For those of you who need to brush up a little on their Pentium 4 knowledge, or for those of you who are potential P4 owners, let's take a moment and reflect on the Pentium 4's origins. This should give us a valuable insight into how Intel have managed to release a x86 processor capable of running at 2.4GHz at a scant 1.5v.
The Pentium 4 was born from the need to replace the ageing Pentium 3 architecture, one that was quickly coming to the end of its scalability at 1Ghz. Remember the debacle surrounding the ill-fated 1.13GHz P3 ?.
Intel quickly realised that another approach was needed if the P3 replacement was to scale effectively.

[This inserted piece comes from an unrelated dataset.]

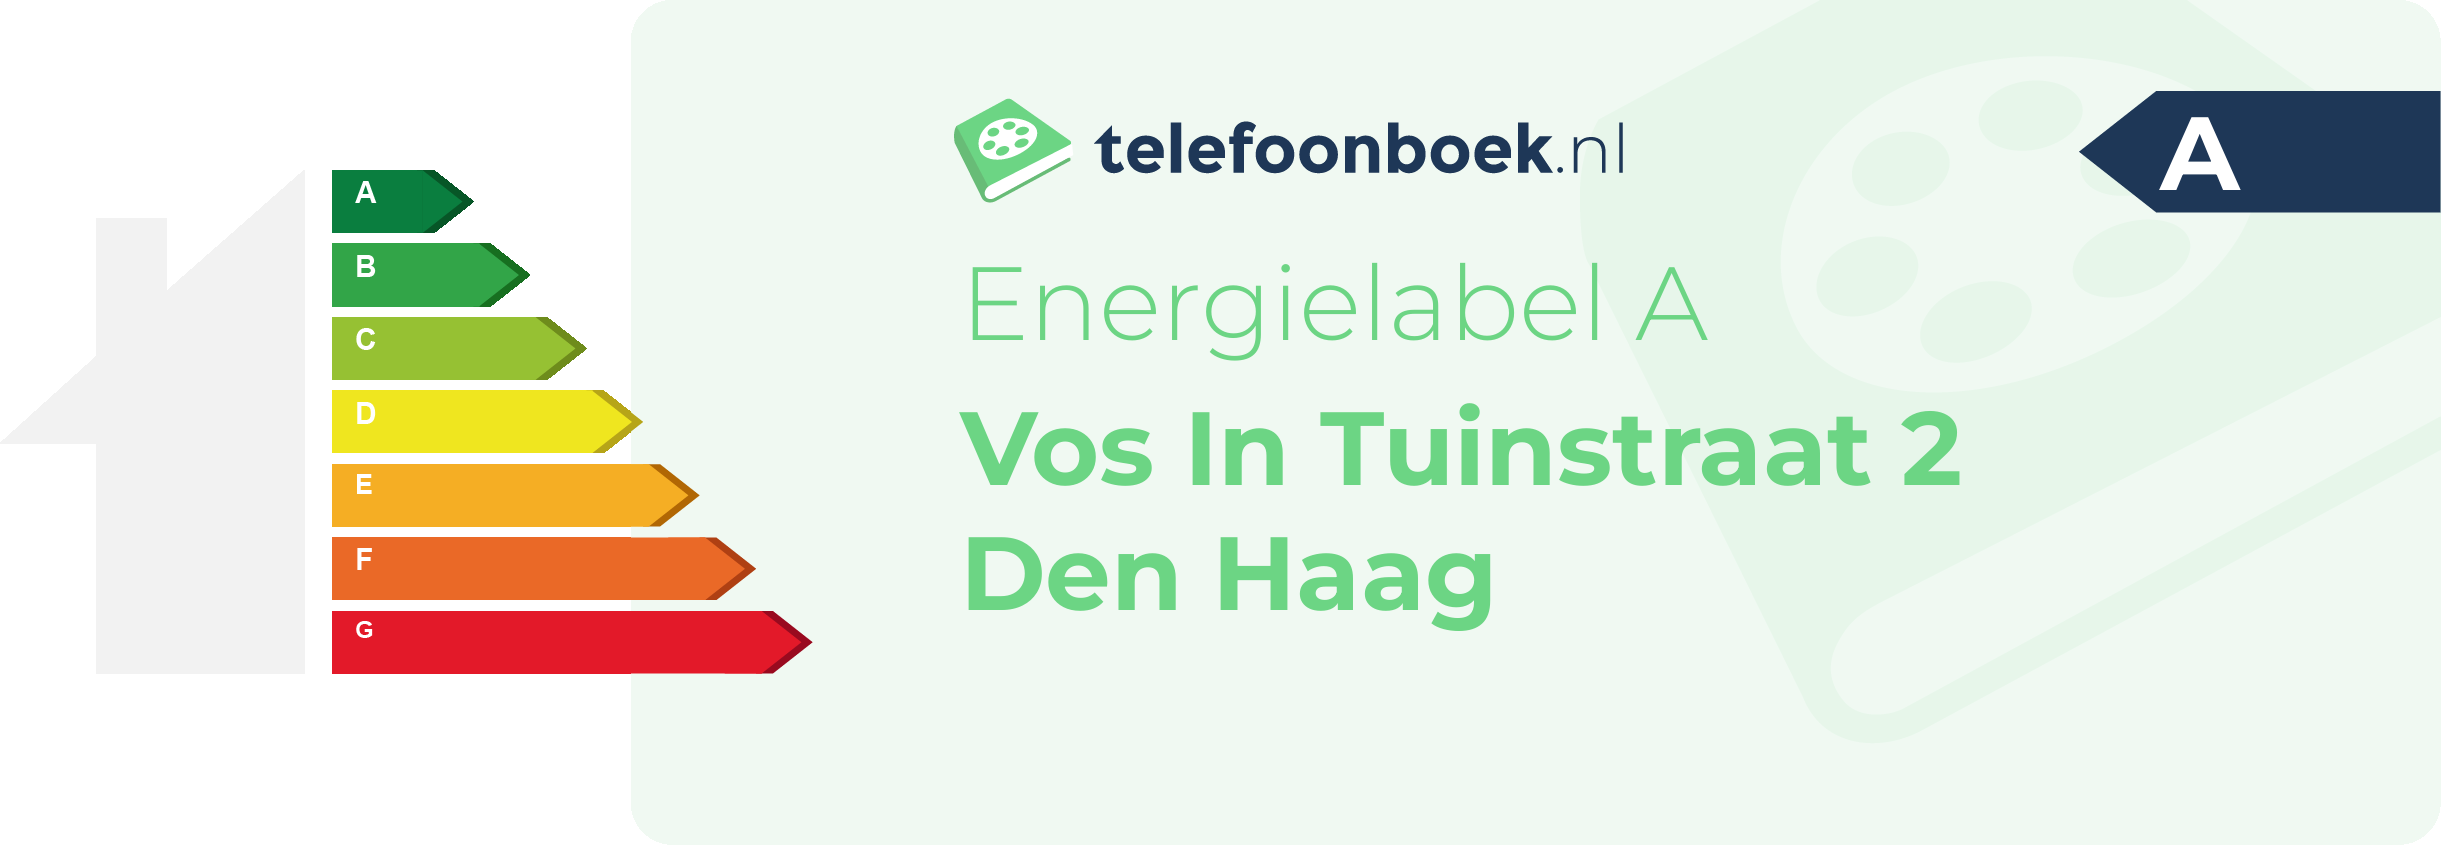 Energielabel Vos In Tuinstraat 2 Den Haag

Thus, the P4 employs a group of features known under the umbrella term as Intel® NetBurst™ Micro-architecture.
One of the major constituents of NetBurst is hyper-pipelined technology. The P3 and Athlon processors have a 10 stage pipeline, the P4 on the other hand is blessed with an extra-deep 20 stage pipeline. What this effectively means is that the P4 is able to ramp up clock speeds rather easily, that is one reason we now see a desktop 2.4GHz processor today.
The downside of a 20-stage pipeline is that it inherently accomplishes less work per clock cycle when compared with a shorter pipeline. This is due the narrowness and length of pipeline, as any given instruction will take longer to reach completion. For argument's sake, if we say that the Athlon XP and P4 can push an instruction through 4 stages of their respective pipelines per clock cycle, it would take the P4 twice as long to process the same number of instructions as the Athlon XP (due to its double-length pipeline), or would need to be at clocked at twice the basic clock speed as the Athlon XP. This is purely for illustrative purposes, our benchmarks show that the Athlon accomplishes roughly 40% more work than the P4 on a clock-for-clock basis.

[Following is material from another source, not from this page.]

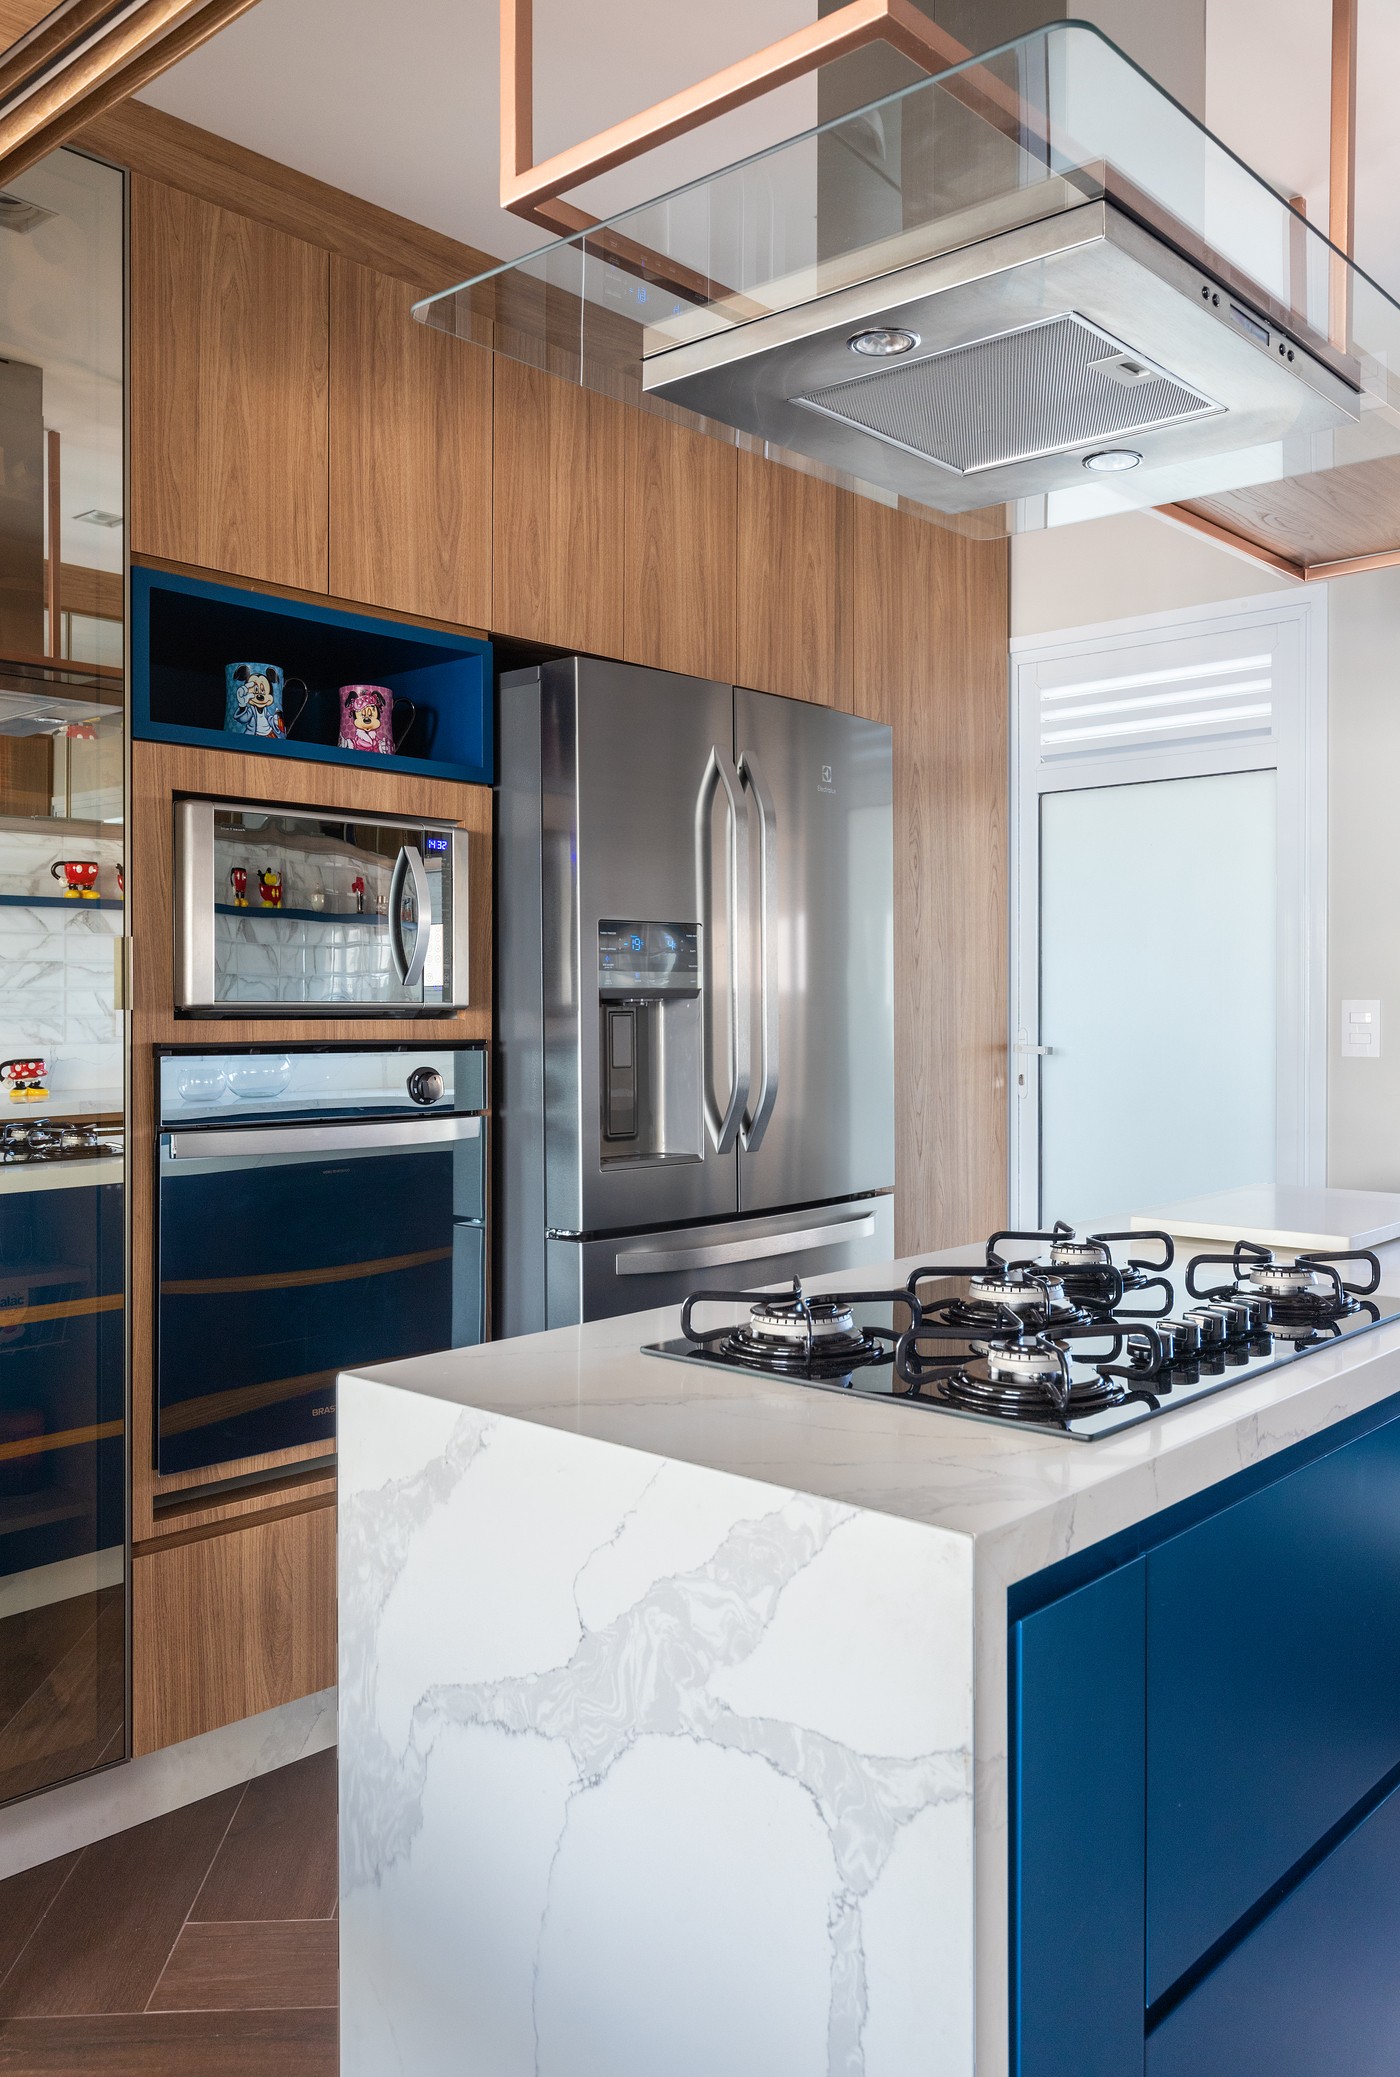 Décor do dia: cozinha integrada à sala de jantar tem ilha central e marcenaria azul (Foto: Fernando Crescenti)

Other benefits under the heading of Netburst include the use of a 100FSB quad-pumped to 400FSB between CPU and memory controller, giving a potential 3.2GB/s bandwidth, the highest of any desktop PC. Level 1 Execution Trace Cache is also included in the form of 12k decoded micro-ops. This increases performance by removing the decoder from the main execution loop, and also helps reduce the time required to recover from branch mis-prediction,.
Branch mis-prediction occurs when the CPU makes a mistake with which way a branch is supposed to go. It then needs to 'flush' the instructions from its pipeline before it can start processing them again on the correct program branch. As you can no doubt gather, branch mis-prediction is especially costly in a deep pipeline as it takes 20 clock cycles to recover from any error. This is why Intel's engineers have spent a vast amount of time, effort and transistors in ensuring that instructions are mis-predicted as little as possible.

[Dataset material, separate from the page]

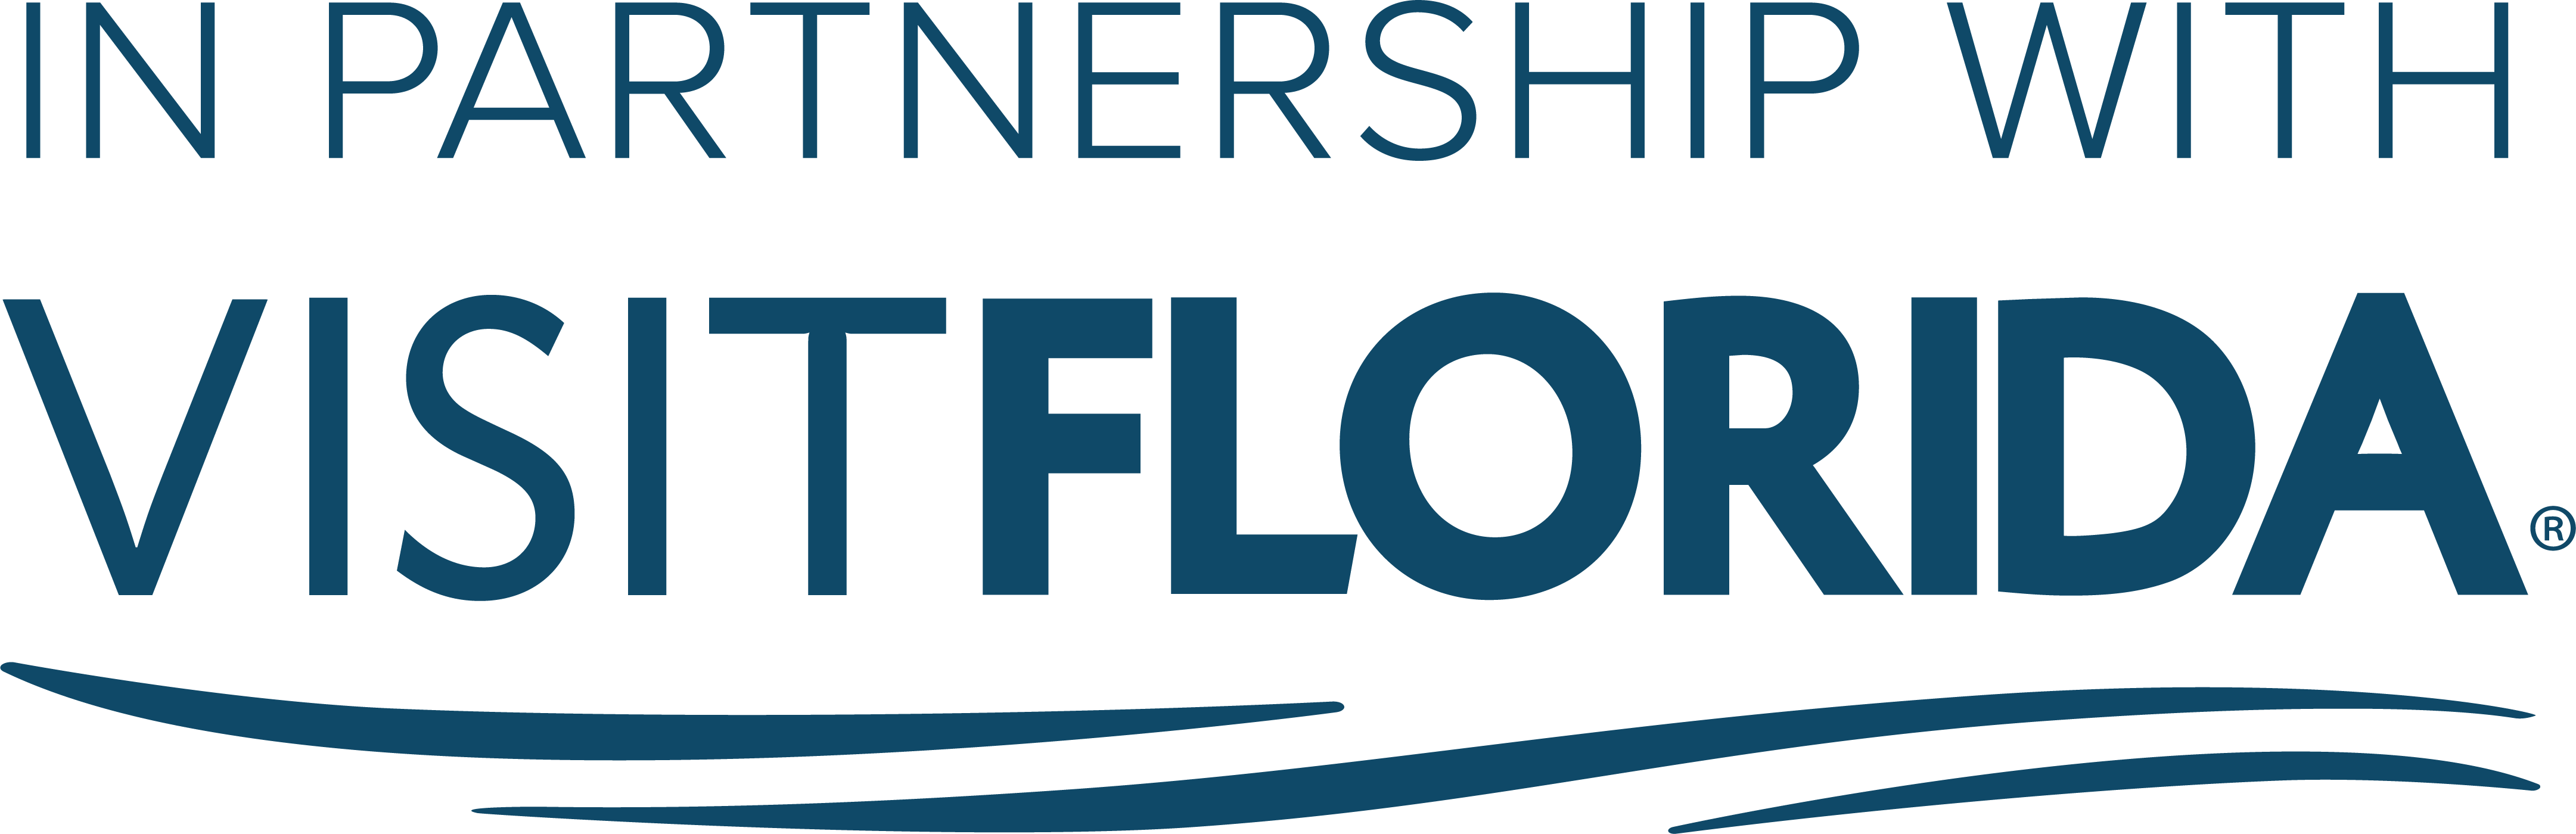 Visit Florida.com logo

The P4 also boasts two arithmetic logic units (ALUs) that run at twice the speed of the core processor, so 4.8GHz in this case. These ALU handle the basic arithmetic duties such as add and subtract. These units are kept busy by the tremendous flow of data afforded by the quad-pumped FSB.
The Northwood Pentium 4's are differentiated from their Willamette counterparts by firstly being manufactured on a smaller die, 0.13u compared to 0.18u for the Willamette. The smaller die allows smaller transistors, which in turn produce less heat. This culminates in Intel having the ability of lowering operating voltage from 1.75v to 1.5v.
The extra room allowed by smaller transistors has been put to good use, as Intel have wisely raised the on-die advanced transfer cache (L2) from 256kb to 512kb. The extra cache helps keep the processor saturated with data, and should help in ensuring that the massive bandwidth on offer is effectively utilised by the CPU. For better conductivity, Intel have finally switched over to using copper interconnects, replacing the not so efficient aluminium interconnects found on Willamettes. We must note that AMD incorporated this manufacturing change some time ago.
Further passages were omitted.